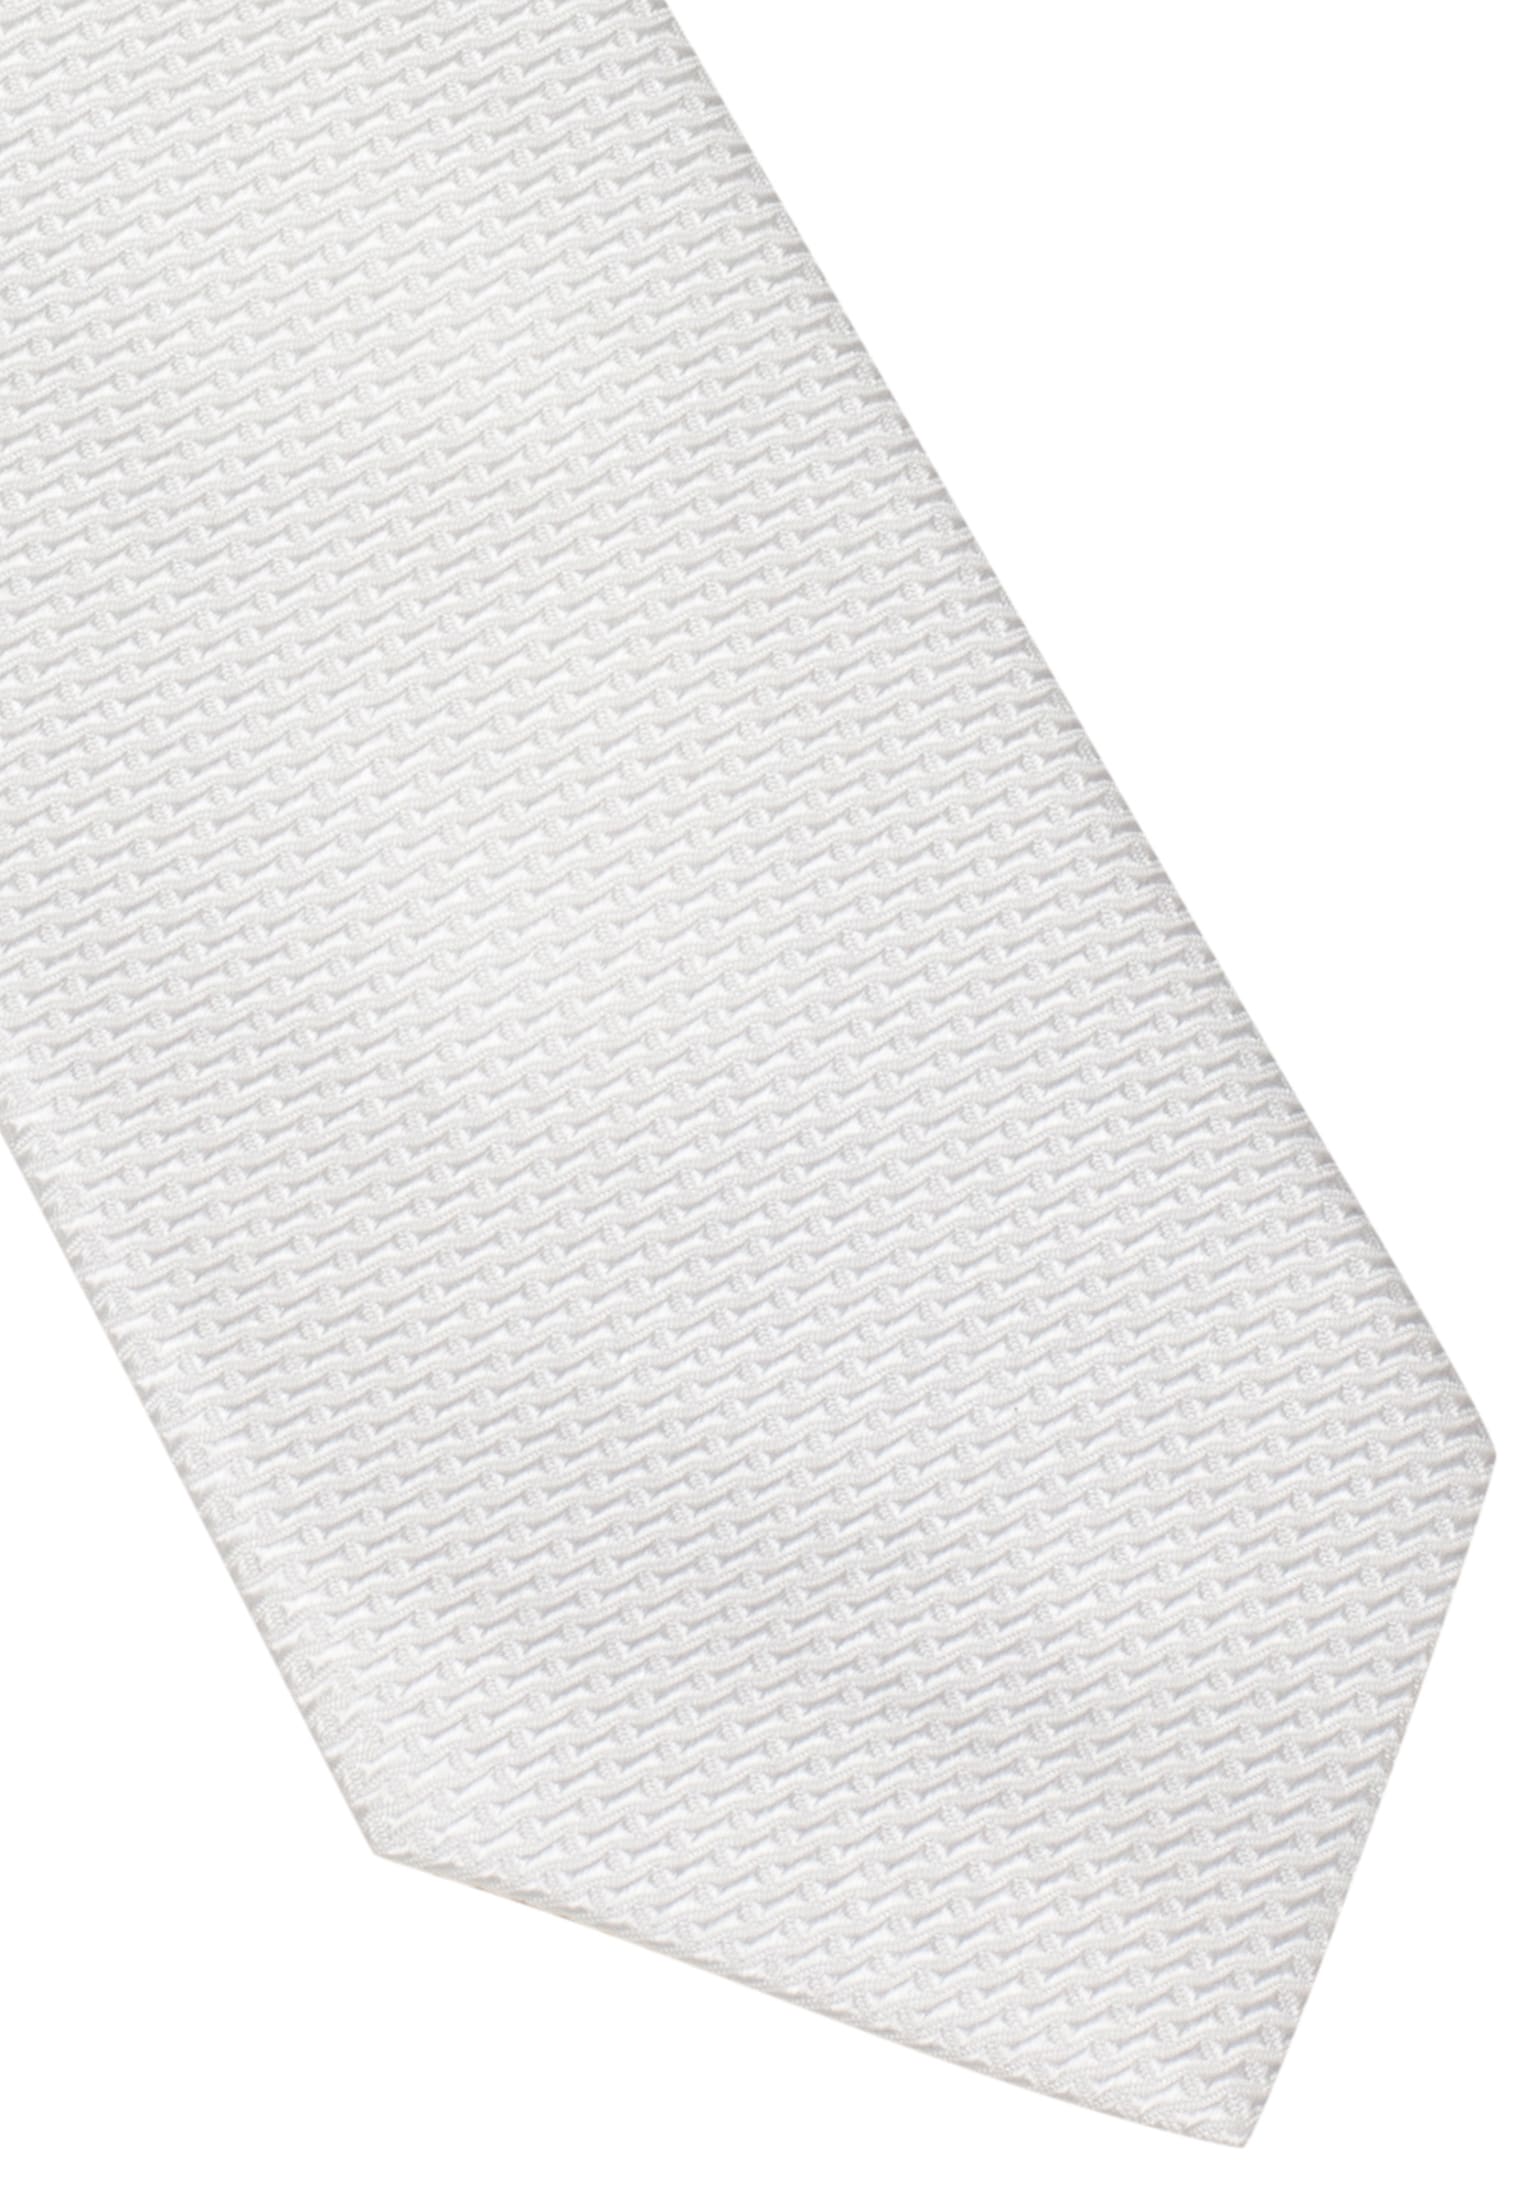 Krawatte in weiß strukturiert | weiß | 142 | 1AC01872-00-01-142
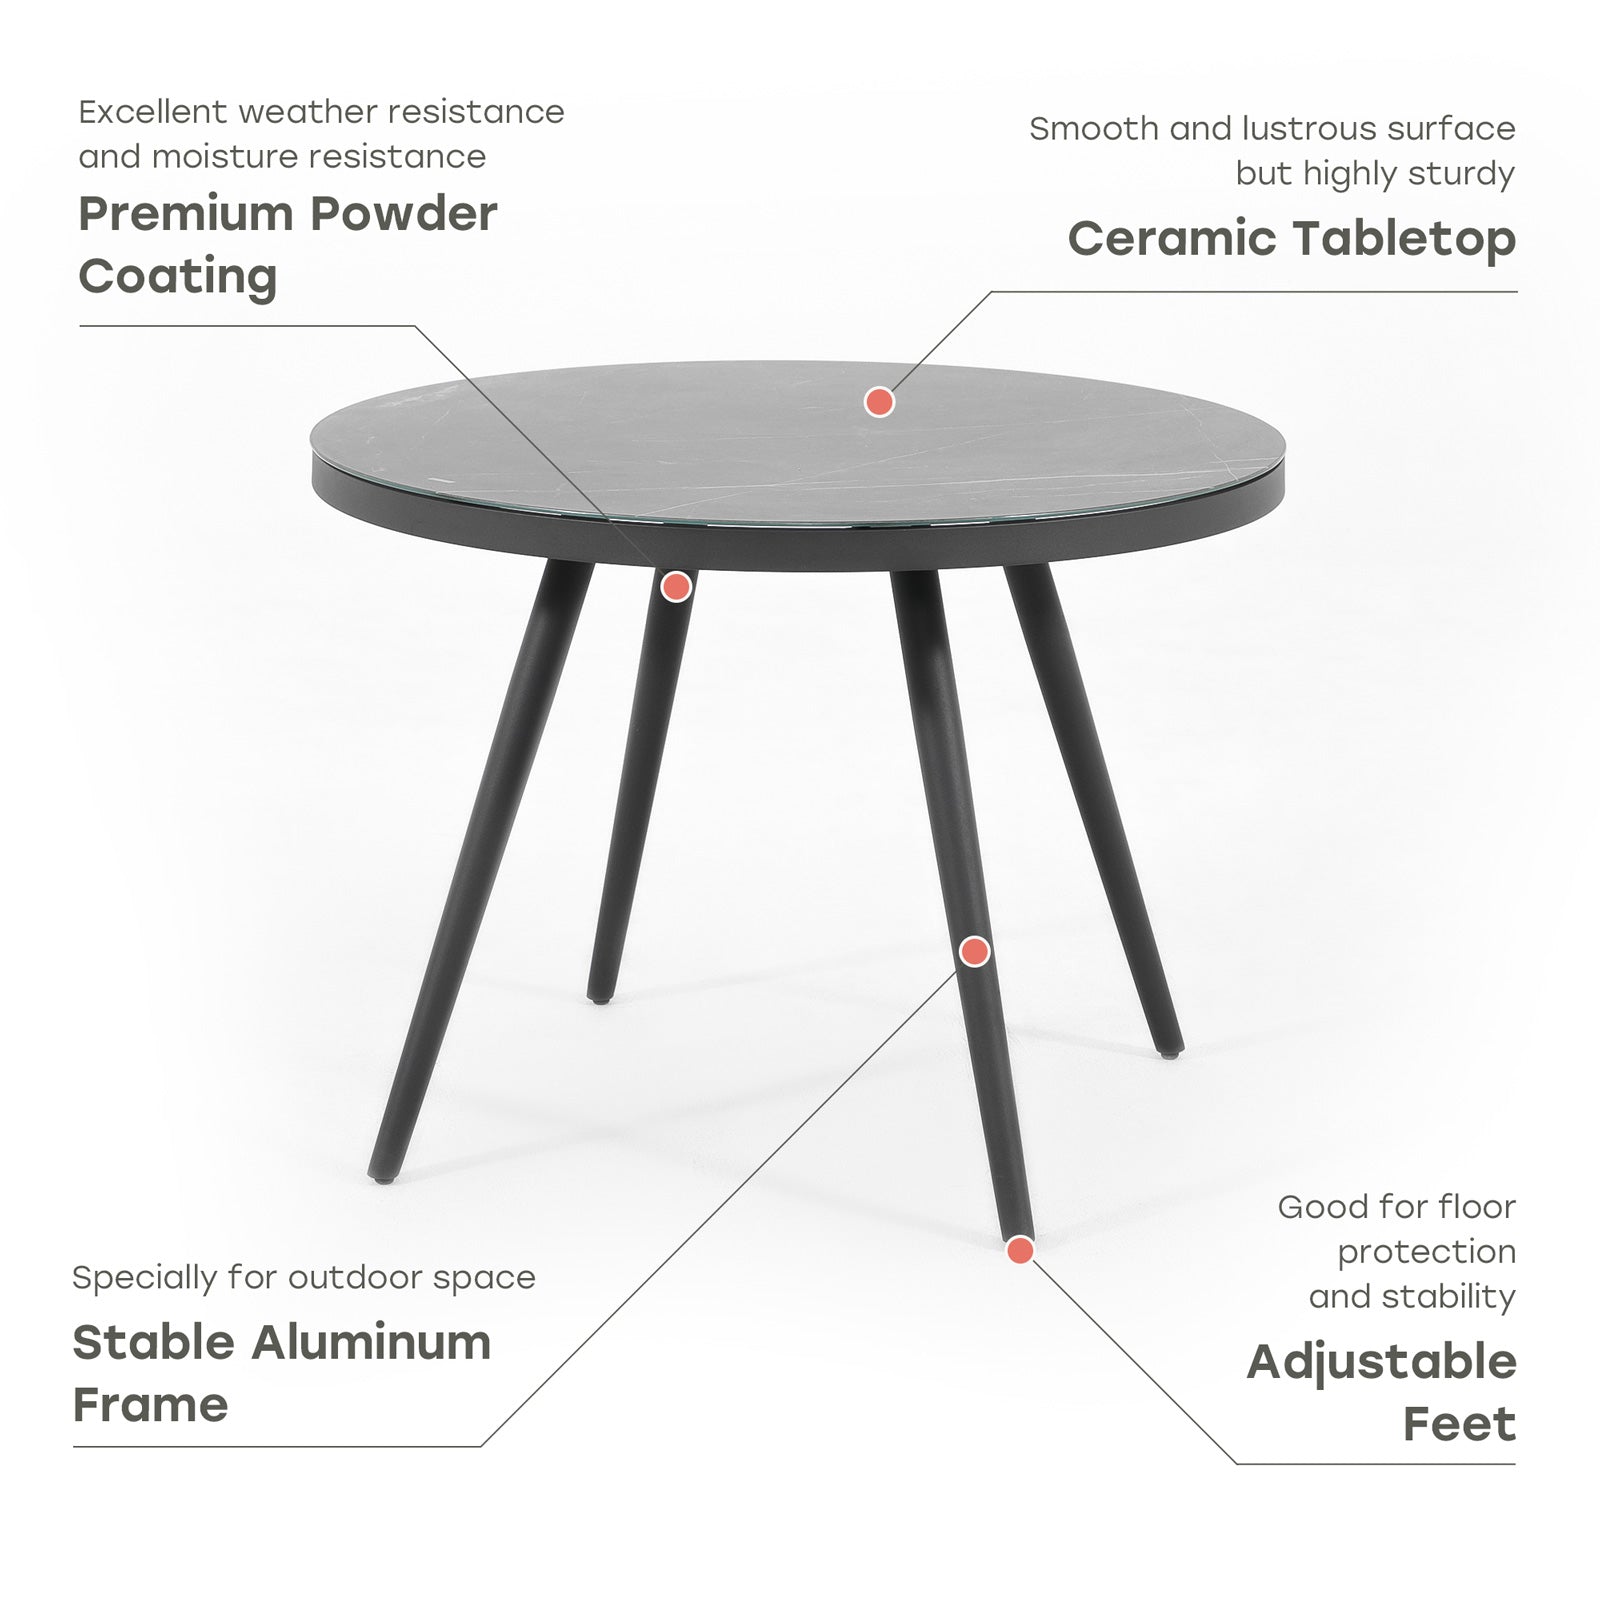 Salina grey aluminum outdoor dining table, product info - Jardina Furniture
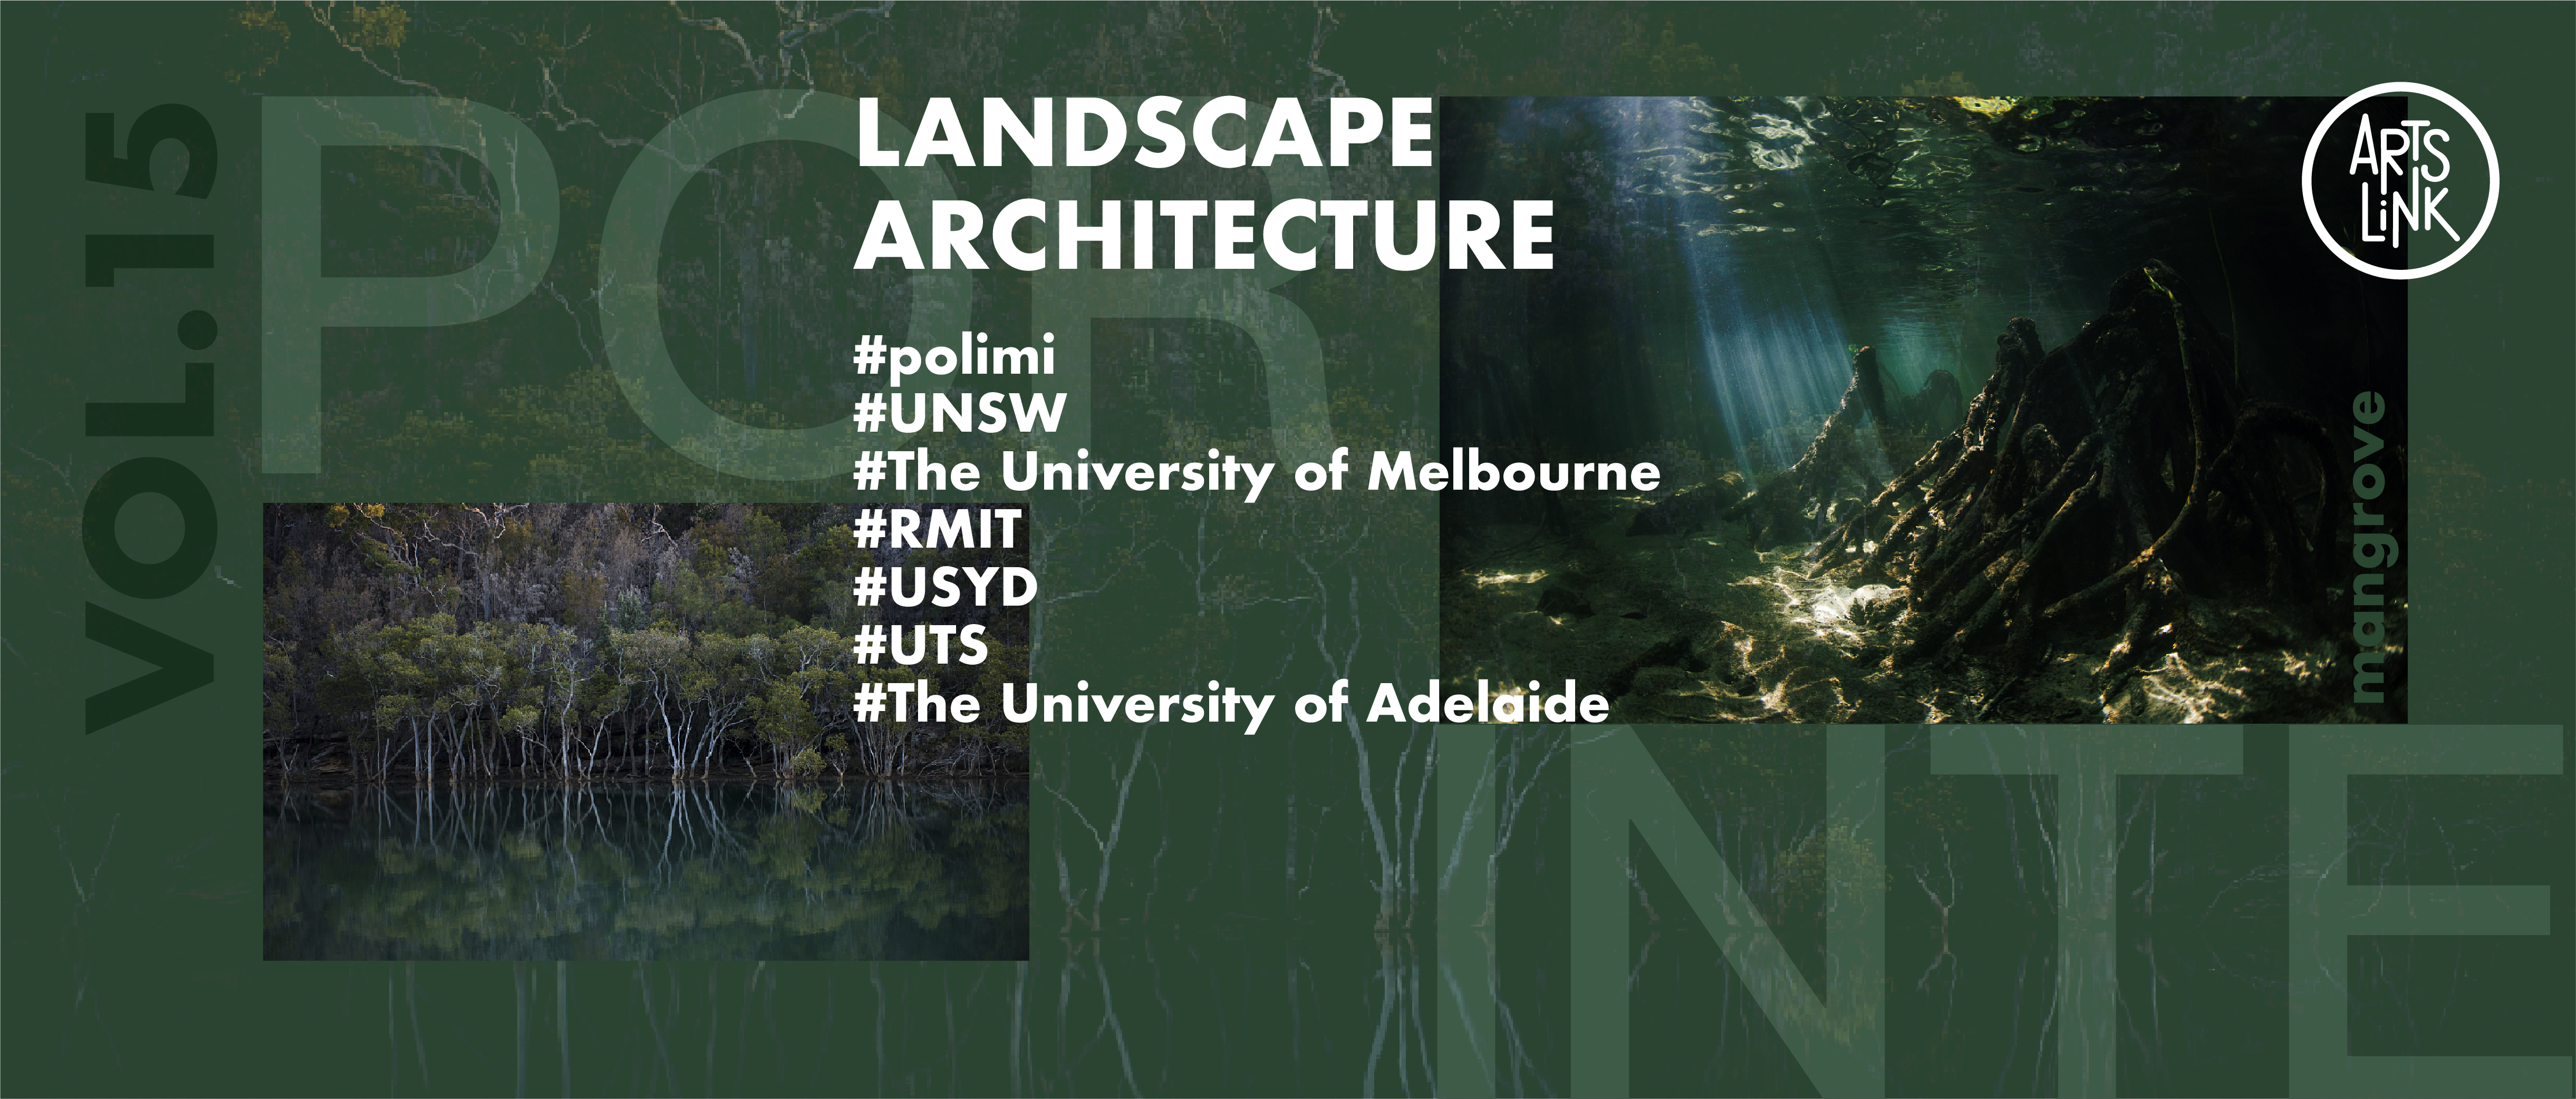 狂揽米理、新南威尔士、墨尔本大学等7所名校景观建筑offer，做红树林生态修复

§ **Work task**: Retype the whole of the data verbatim. Skip every picture.

§ **Written answer**:
 Krawatte in weiß strukturiert | weiß | 142 | 1AC01872-00-01-142
 Salina grey aluminum outdoor dining table, product info - Jardina Furniture
 狂揽米理、新南威尔士、墨尔本大学等7所名校景观建筑offer，做红树林生态修复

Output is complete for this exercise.